[THE DATA Boundary: Start]

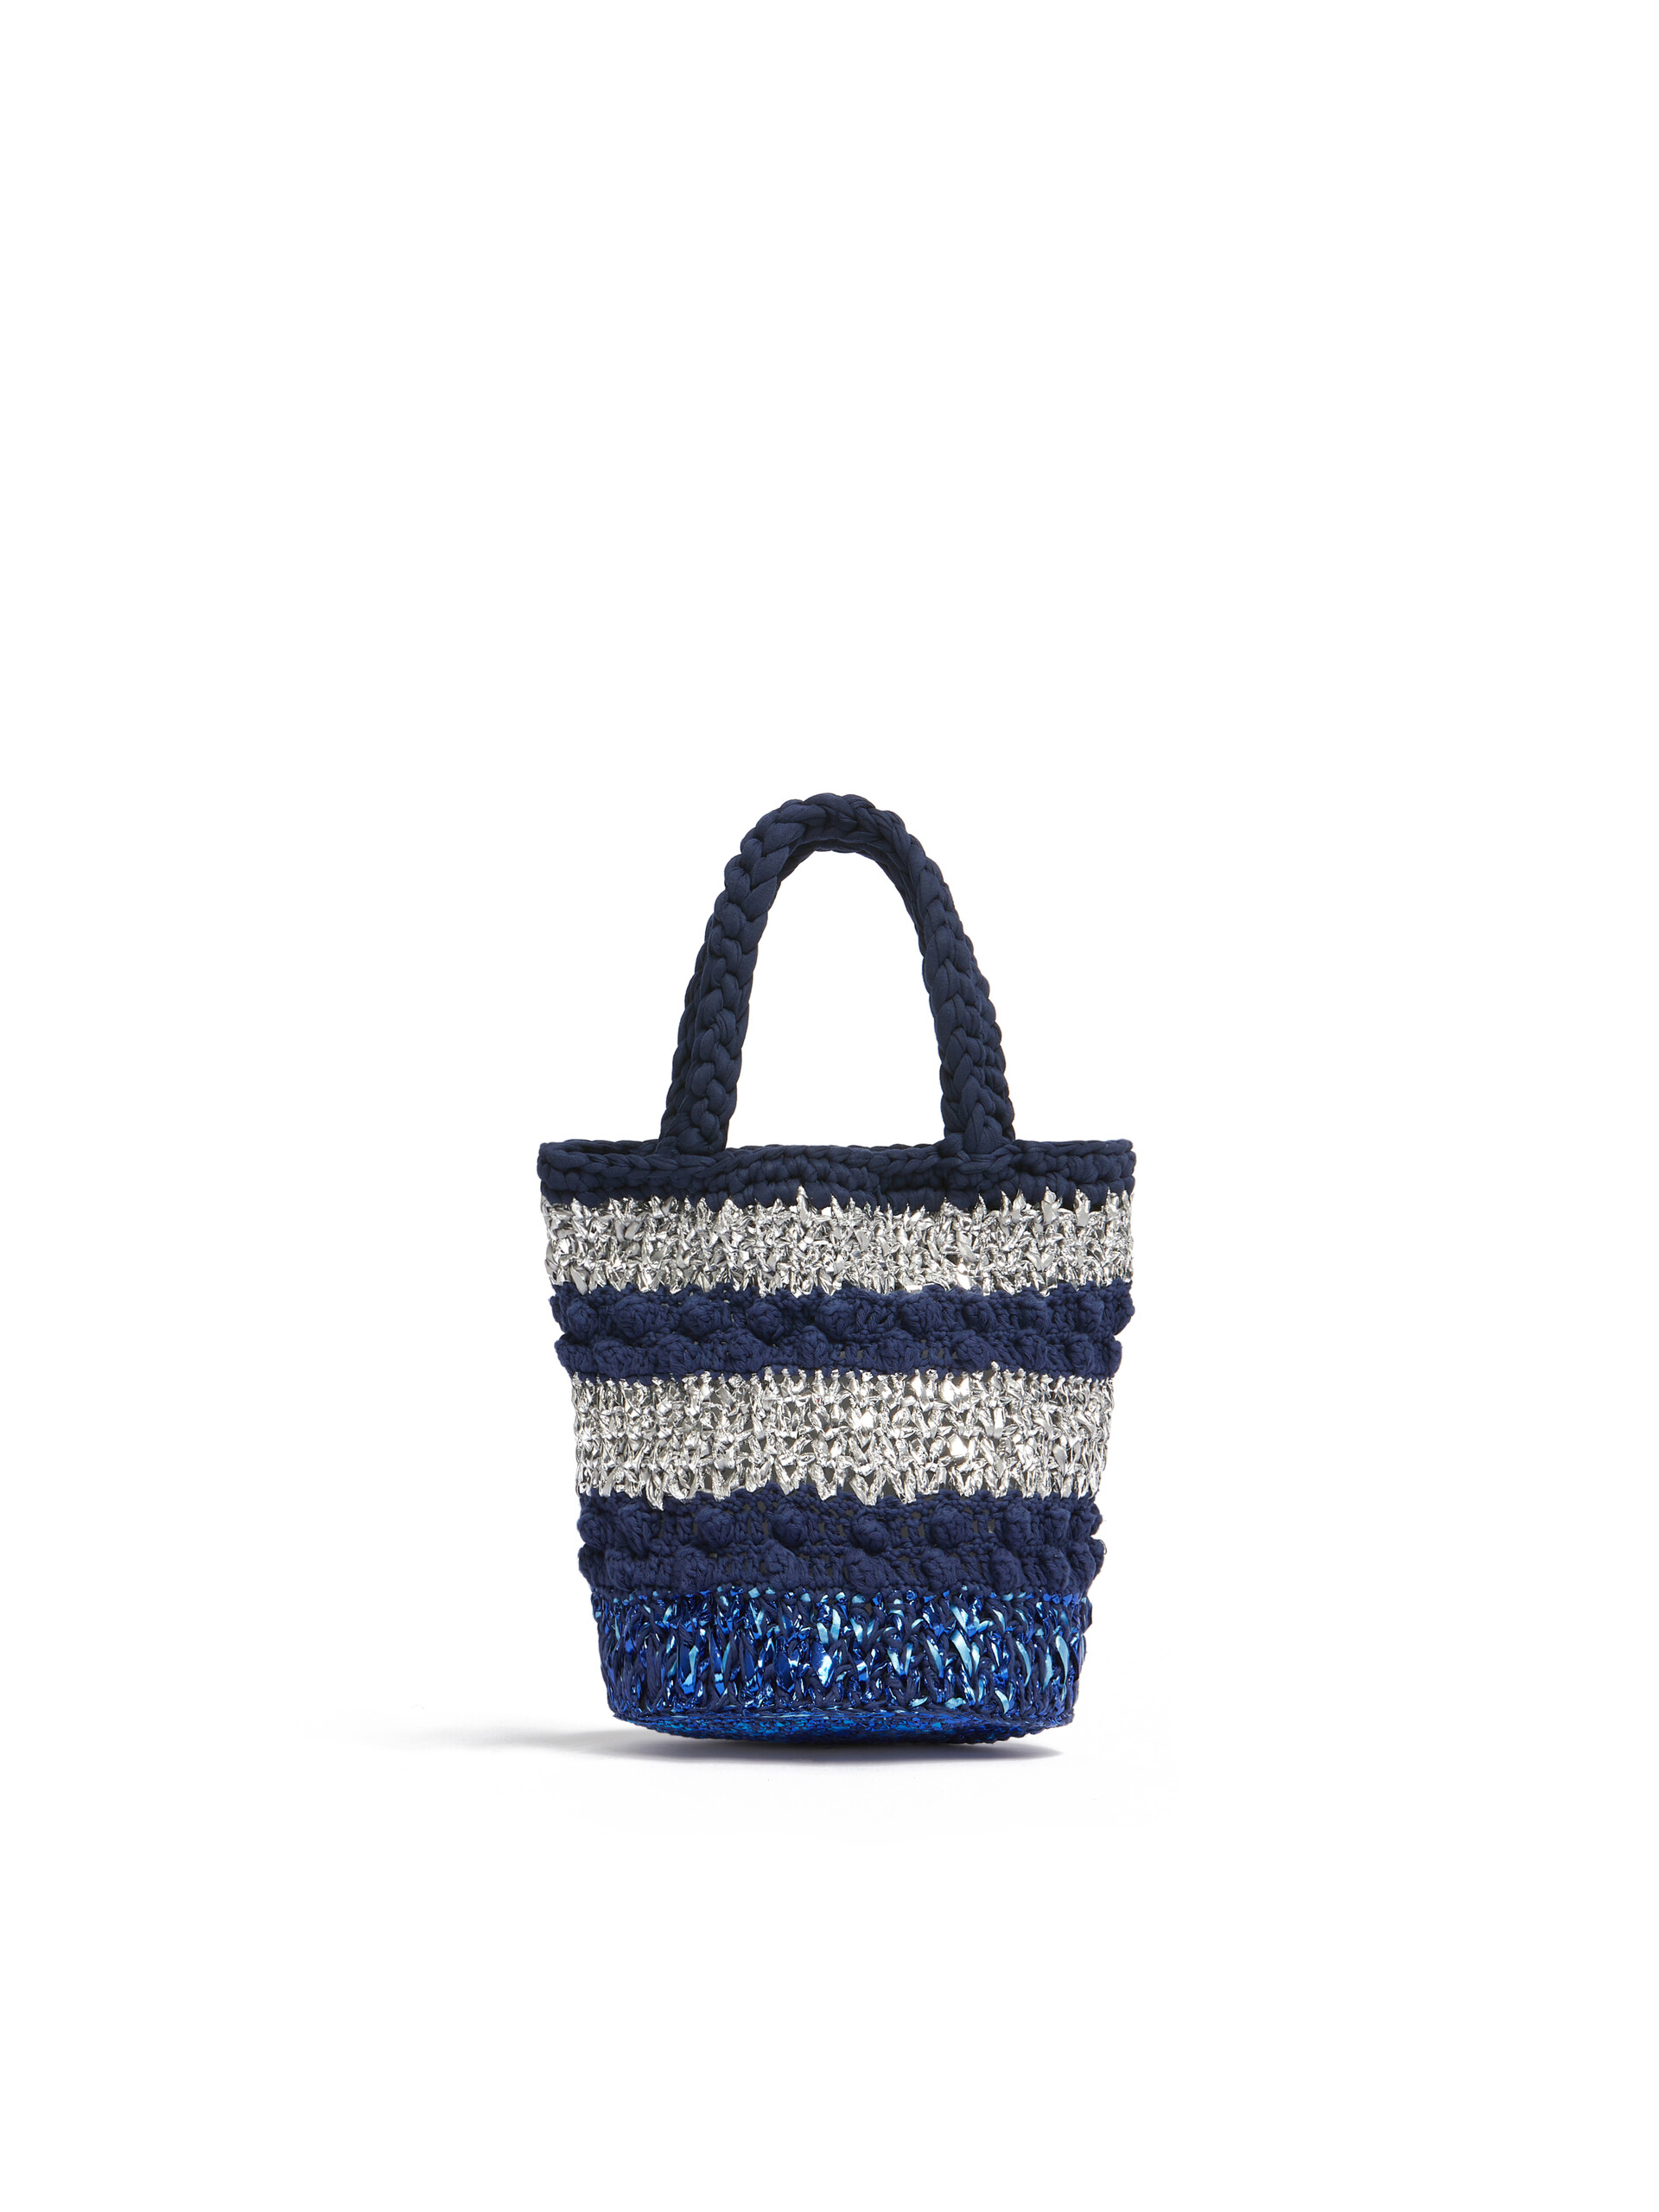 Deep blue and silver bobble-knit MARNI MARKET BUCKET bag - Shopping Bags - Image 3
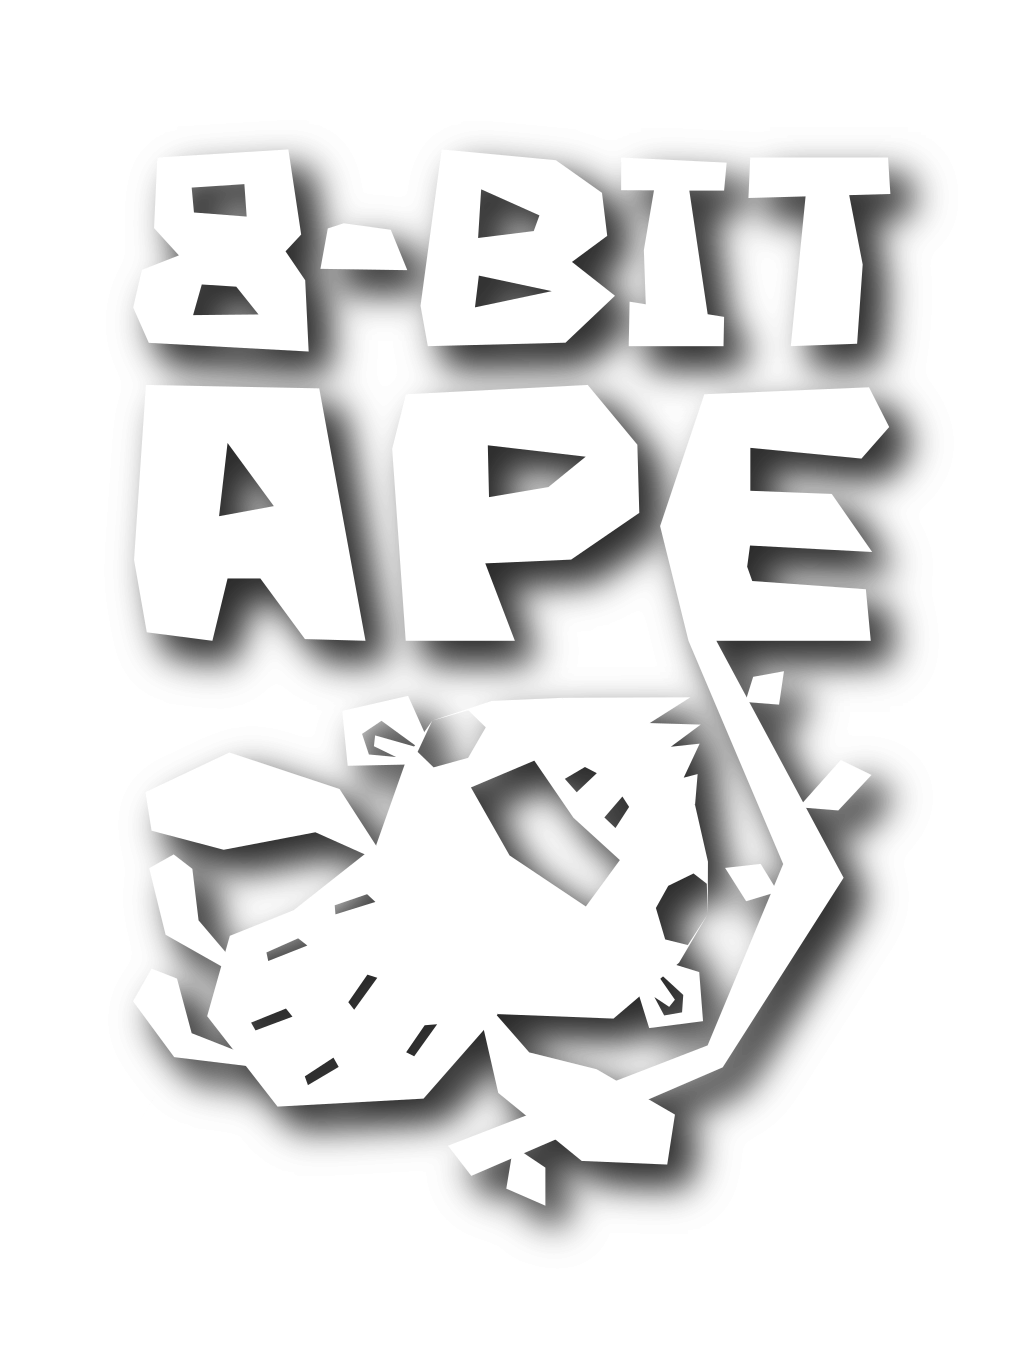 The 8-Bit Ape logo.
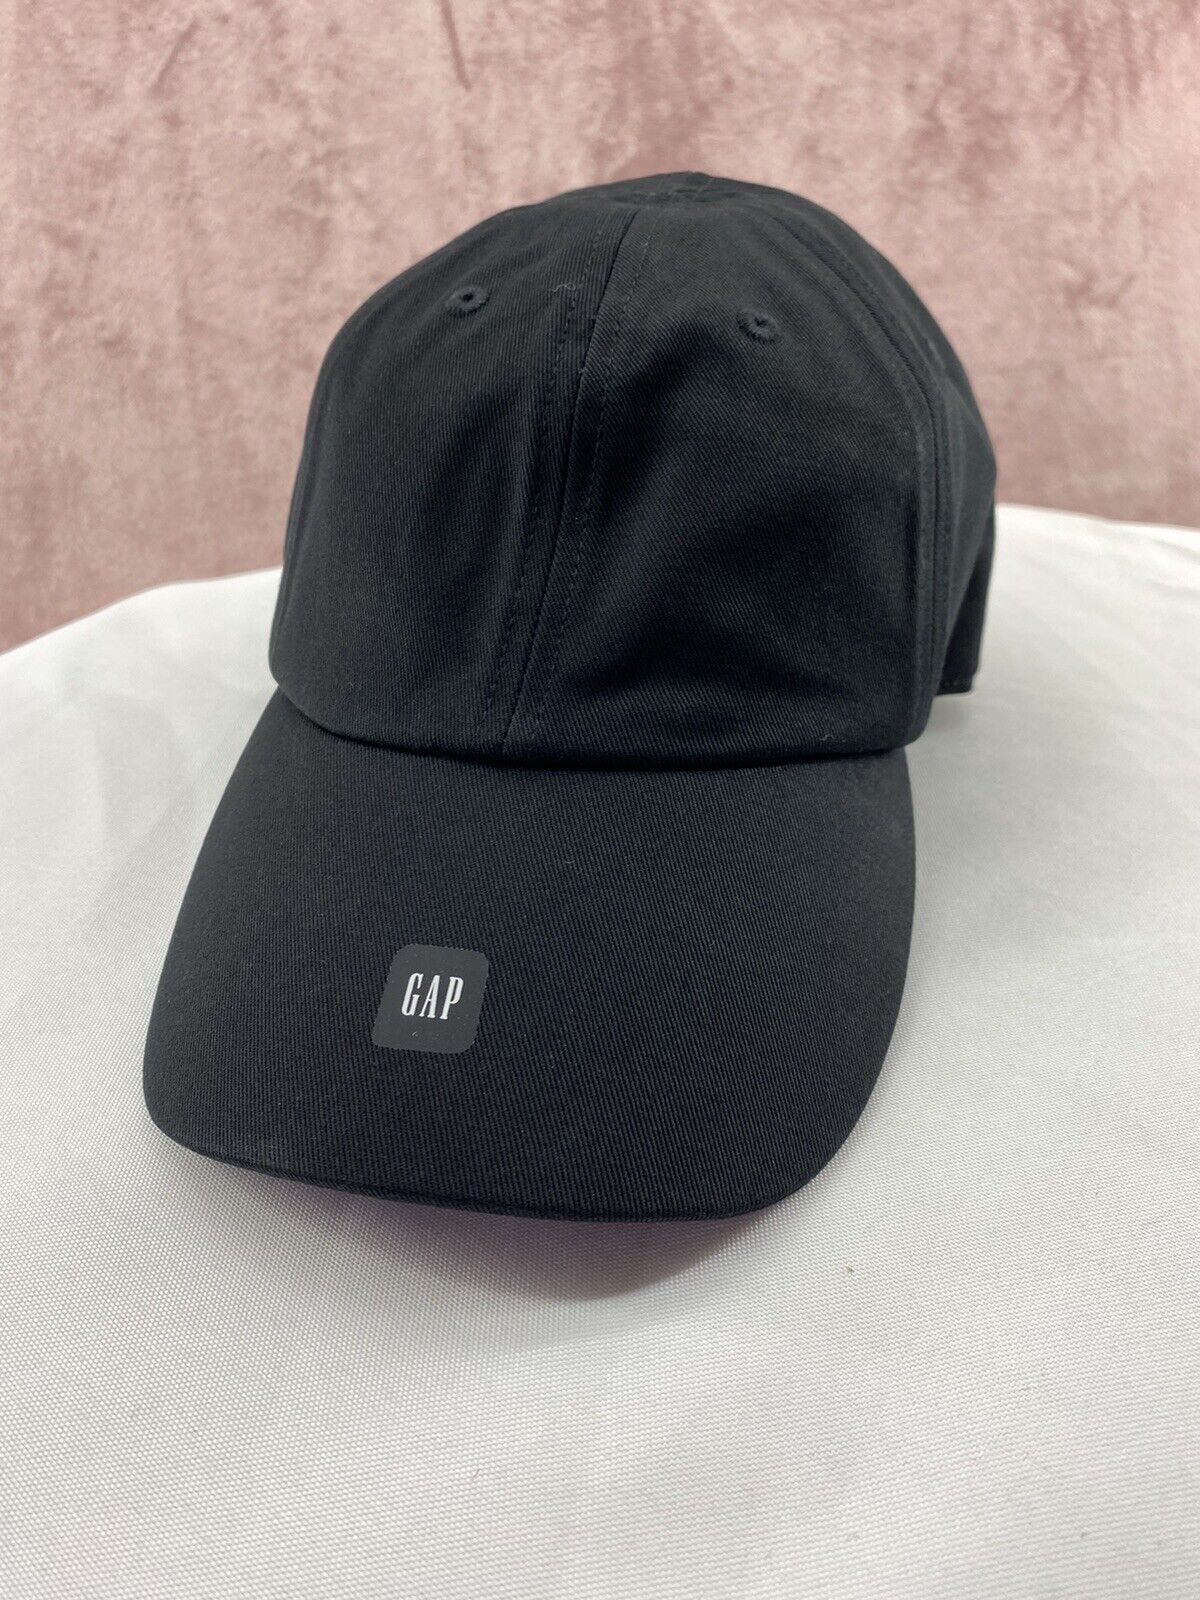 Gap Yeezy X Balenciaga Gap Logo Black Cap/Hat *Long Visor | Grailed

[THE DATA Boundary: End]

### TASK INSTRUCTIONS
Take the line containing "The 8-Bit Ape logo." through the last line of the material and retype exactly those lines, both ends included, with no pictures.

### WRITTEN ANSWER
 The 8-Bit Ape logo.
 Gap Yeezy X Balenciaga Gap Logo Black Cap/Hat *Long Visor | Grailed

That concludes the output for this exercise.